Em defesa do pluralismo euro-atlântico

JOÃO CARLOS ESPADA Público, 26/05/2014 - 00:50
A preservação da União Europeia dificilmente será possível sem um entendimento pluralista do projecto europeu.
O leitor conhece hoje os resultados das eleições europeias que eu não conhecia na data em que escrevia este artigo. Apesar desta minha desvantagem, alguns conselhos de prudência podem ser adequados, mesmo antes de conhecidos os resultados finais.
Um primeiro óbvio conselho de prudência recomenda não esquecer a especificidade das eleições europeias. Não tendo directo impacto nos parlamentos nacionais, o voto (incluindo o não-voto) nas europeias tende a ser mais "solto" e "descomprometido". Exprime talvez melhor os "estados de alma" dos eleitores, mas seguramente não exprime as imediatas preferências governativas – que apenas estão em causa nas eleições nacionais. A tentativa de "nacionalização" dos resultados eleitorais europeus é por isso ilegítima e enganadora.
No plano europeu, a leitura dos resultados eleitorais constitui uma excelente ocasião para confrontar duas visões igualmente pró-europeias, mas fundamentalmente distintas: uma monista, tendencialmente dominante nos círculos pró-europeus, e uma pluralista.
A visão monista supõe que a causa europeia tem apenas um modelo possível: o da sempre crescente integração e centralização supranacional. Poderão existir divergências quanto ao ritmo e às modalidades dessa integração, mas não pode haver dúvidas quanto ao modelo a perseguir: o de "uma união sempre mais integrada".
A visão pluralista, pelo contrário, entende o projecto europeu sobretudo como um quadro de regras gerais, não como um modelo fixo e pré-determinado que deve ser atingido a todo o custo. A visão pluralista olha com cepticismo o modelo de sempre maior integração supranacional, frequentemente associada à expressão "Mais Europa". E receia que esse modelo na verdade possa ter como resultado "mais Europa com menos europeus".
A visão pluralista não é contra a União Europeia e não tem qualquer ponto de contacto com argumentos nacionalistas, proteccionistas e xenófobos que circulam hoje pela Europa. A União Europeia tem sido um extraordinário caso de sucesso e tem sido um seguro de vida para a democracia portuguesa, bem como a grega e a espanhola, que seguiram Portugal na inauguração da Terceira Vaga de democratização mundial, em 1974-75.

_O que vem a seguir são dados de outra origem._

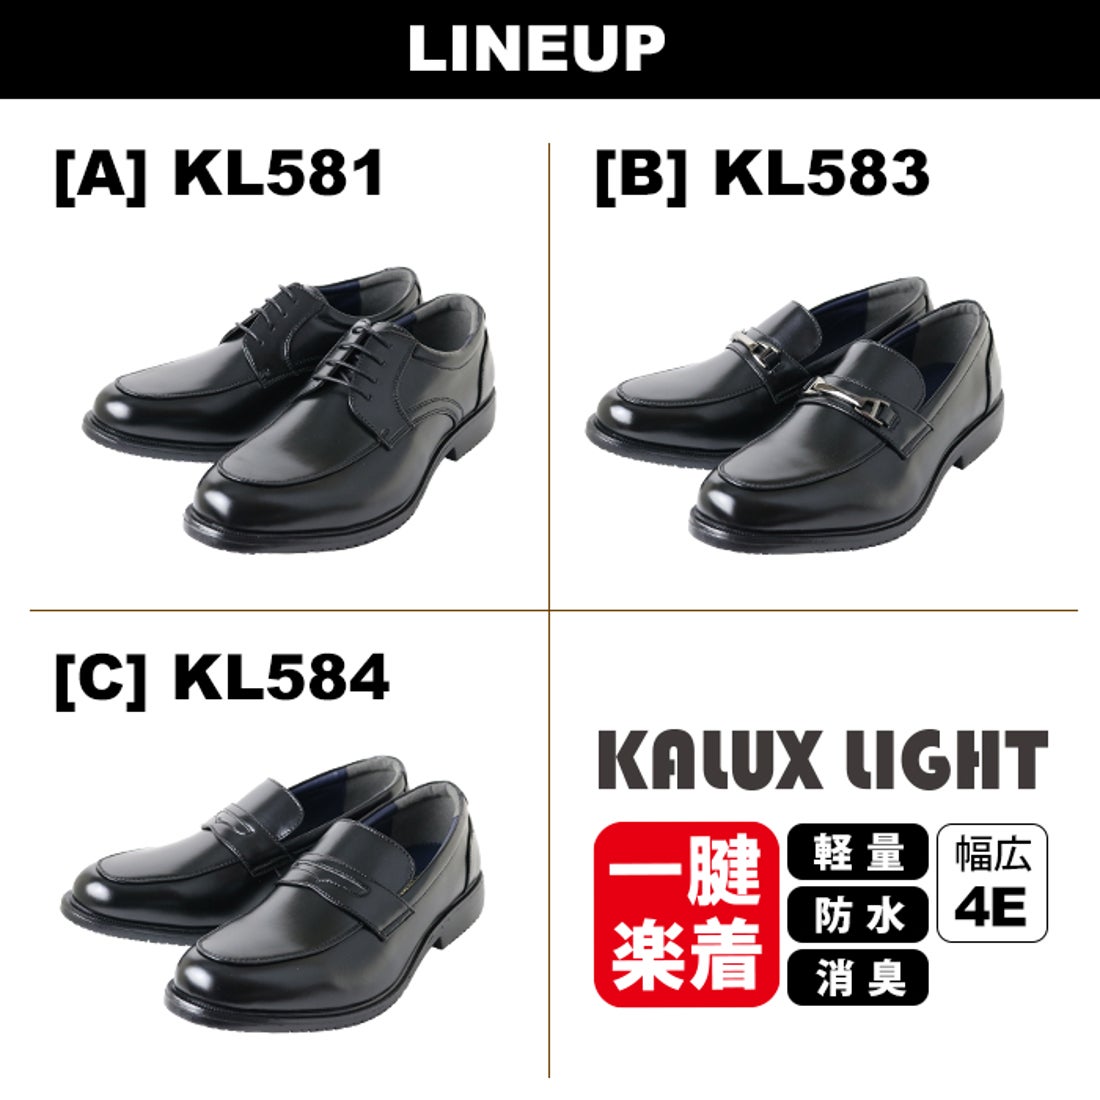 1197円 ブランド品 ビジネスシューズ メンズ 革靴 黒 ブラック 軽量 軽い 幅広 4E 防水 防臭 KALUX LIGHT KL581 KL583 KL584

A UE, em associação com a NATO, tem sido igualmente um seguro de vida para a democracia reconquistada nos países da Europa central e de Leste, após a queda do Muro de Berlim, em 1989 – que Samuel Huntington classificou de segunda fase da Terceira Vaga de democratização iniciada por Portugal. Por outras palavras, a visão pluralista é a favor da União Europeia, mas contra um entendimento monista, supranacional, centralista e uniformizador da UE.
A visão pluralista também não é contra a Alemanha e não tem qualquer ponto de contacto com a demagogia anti-alemã que procura explorar e agravar as tensões entre os países europeus do Sul e os do Norte. Estas tensões não são resultado da política da Alemanha, mas sobretudo da ideia monista de que o euro tem de ser a moeda única europeia – em vez de apenas uma entre várias moedas europeias. No quadro apertado gerado pelo euro, que não foi aliás primeira escolha sua, a Alemanha tem seguido uma política prudente de respeito pelas suas próprias instituições democráticas. Compreensivelmente, o eleitorado alemão não aceita ter de garantir as dívidas de outros países da zona euro, pelas quais não foi responsável.
Por estas razões, a visão pluralista alerta para que uma interpretação centralista e uniformizadora da UE pode colocar a Alemanha numa posição indesejável: a de ser apresentada como culpada de políticas aplicadas noutros países, que na verdade resultam sobretudo da irresponsabilidade despesista desses países e de um entendimento centralista do euro e da União Europeia.
Finalmente, a visão pluralista também não é a favor de uma opção atlântica que seja entendida como oposta à opção europeia. Mas ela é seguramente contra o entendimento da opção europeia como contrária ou incompatível com a opção atlântica.
A preservação da União Europeia, enquanto casa comum das nações europeias, dificilmente será possível sem um entendimento pluralista do projecto europeu, em articulação com a dimensão atlântica. Foi a aliança euro-atlântica que garantiu a paz e a prosperidade na Europa desde o final da II Guerra. Chegou de novo a altura de recordar e defender o pluralismo euro-atlântico contra os sonhos monistas de uniformização – quer continentais, quer eventualmente insulares.